Gonna do Congress while you're at it, or are Hillary and Teddy already perfect as far as your concerned?
Section 2. The judicial power shall extend to all cases, in law and equity, arising under this Constitution, the laws of the United States
That includes any laws passed by Congress.
That is authority to rule on cases of law, not to create, rewrite, or nullify the law.
If the constitutionality of federal law is not within their pervue, there is no point in them being Constitutional scholars or studying Constitutional Law. All that's left is to rule on propriety of the process.
Again, if I'm wrong, why did the SC fail to act for 140 years?
Fail to act on what? Marbury v Madison was in 1803. You seem to be interested in revising more than the Constitution.
Like all the amendments on partial birth abortion that keep getting overturned? The supreme court has already shown that if an amendment goes against how they have define the Constitution, they will just ignore it, or strike it down before it can be ratified.
What amendments on partial birth abortion? When has Congress drafted such an amendment and submitted it to the States for ratification?
Sure. If you've got the magic formula, let's do it. Otherwise you'll have to live with the fact that they represent people like themselves that you either have to find a way to avoid civil war with, or kill.

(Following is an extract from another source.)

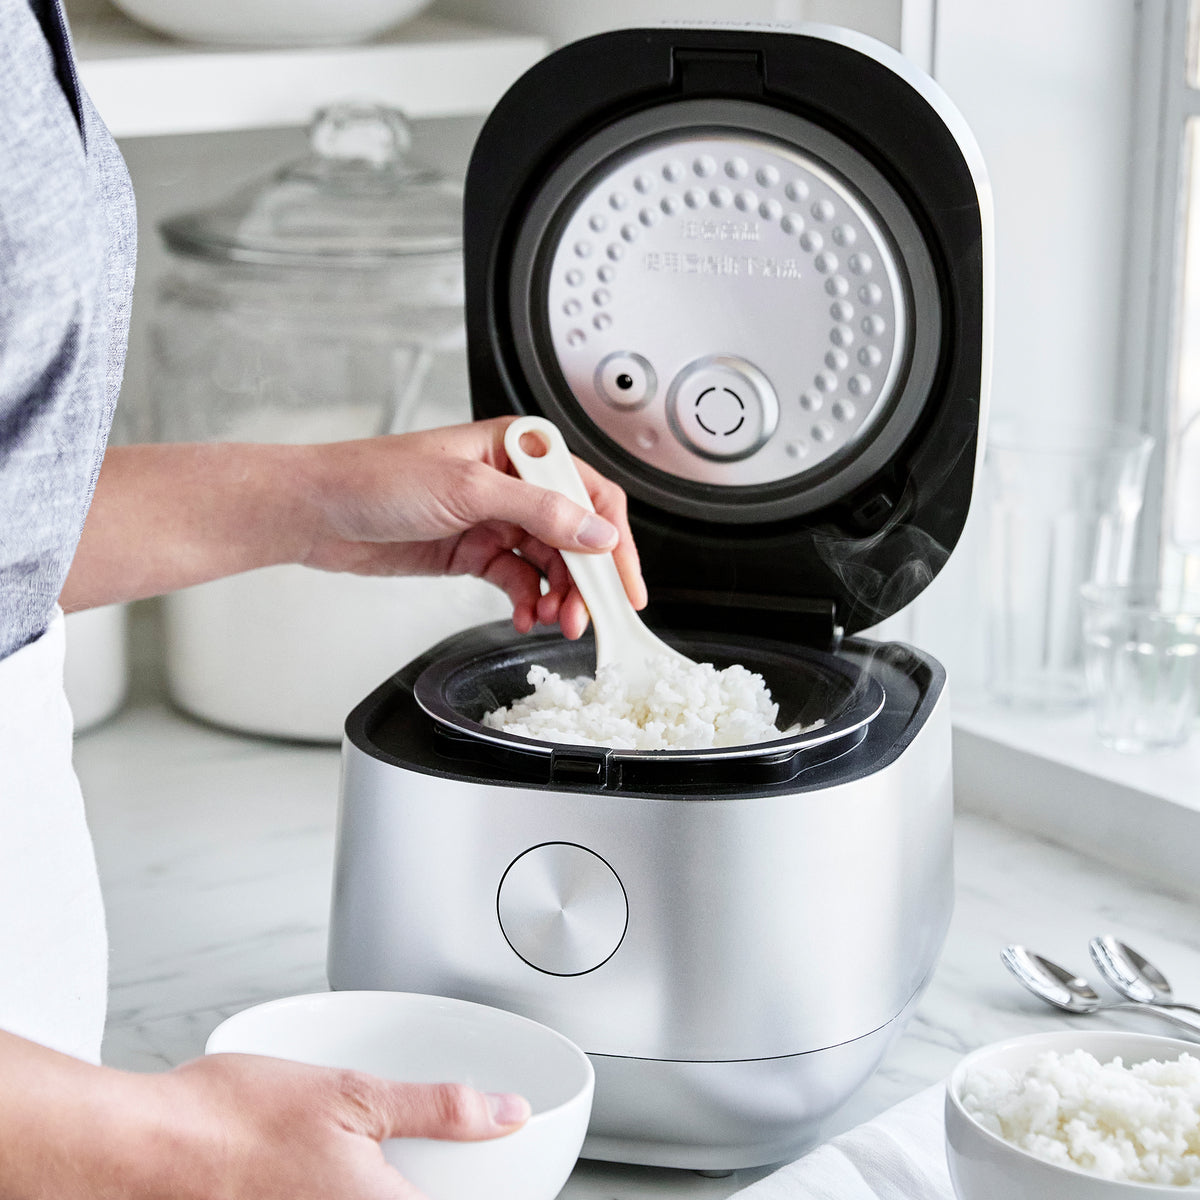 Are Instant Brands rice cookers dishwasher safe?

By the way, the principal purpose of the Consitution is to avoid having a civil war every 20 years. So far we're beating the average.
That includes any laws passed by Congress.
Includes seeing the cases, not rewriting the law, and I've got the framers and the first 140 years of Legislators and Justices in agreement on this. Its not even questionable.
If the constitutionality of federal law is not within their pervue, there is no point in them being Constitutional scholars or studying Constitutional Law. All that's left is to rule on propriety of the process.
They are to do what all judges are to do. Try a case by the law and rule on it. They have many purposes all defined explicitly in Section 3. Do you think that had the framers intended the SC to have veto power on the legislature and executive that they would have been clear about it, like they were with the executives veto power, so that it wouldn't take 140 years for it to be understood?
Fail to act on what? Marbury v Madison was in 1803. You seem to be interested in revising more than the Constitution.
There was no issue of a law being constitutional in Marbury v. Madison. It was a case of whether an incoming President could be forced to act on a previous President's promised commission. That's mechanical, not super-legislative. Like a legislator suing the whip for more time on the floor.